Dataset extract
++++++++
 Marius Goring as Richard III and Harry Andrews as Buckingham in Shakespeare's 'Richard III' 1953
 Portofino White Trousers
++++++++
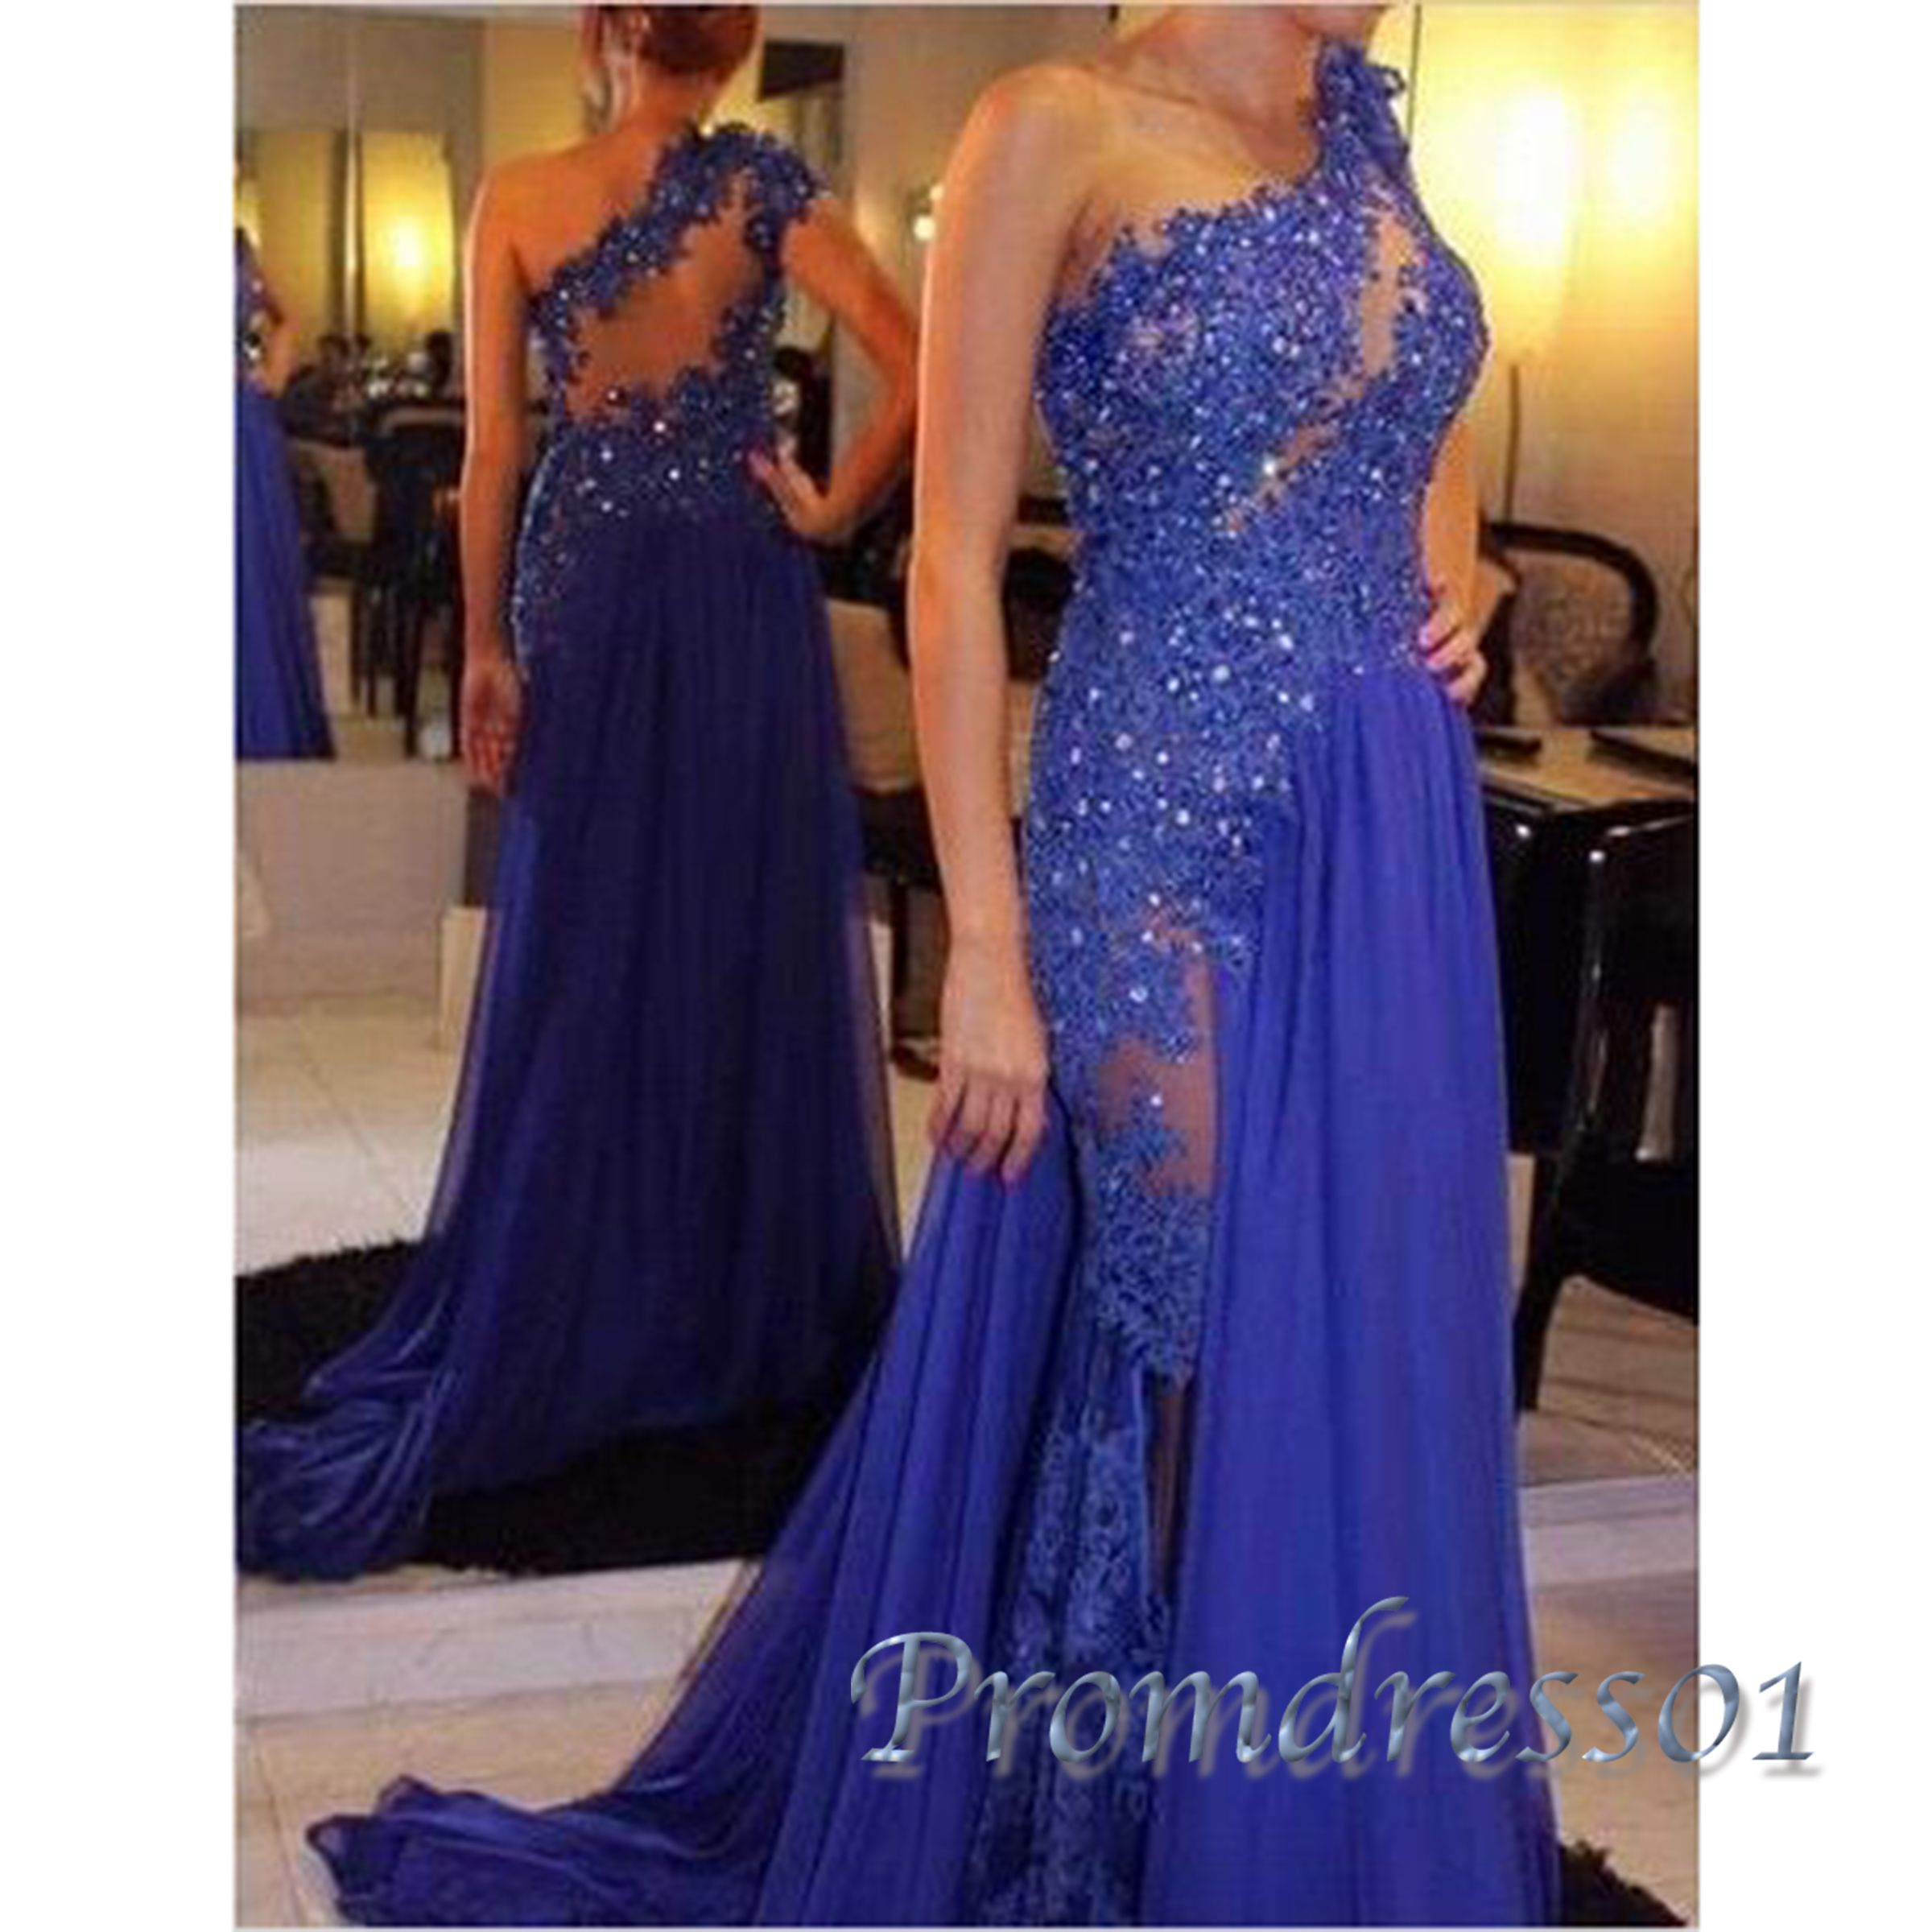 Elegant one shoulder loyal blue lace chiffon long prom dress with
++++++++
To do
Out of the listing above, reproduce exactly the lines from the one with "Marius Goring as" up to and including the one with "Portofino White Trousers".

Output of the exercise
 Marius Goring as Richard III and Harry Andrews as Buckingham in Shakespeare's 'Richard III' 1953
 Portofino White Trousers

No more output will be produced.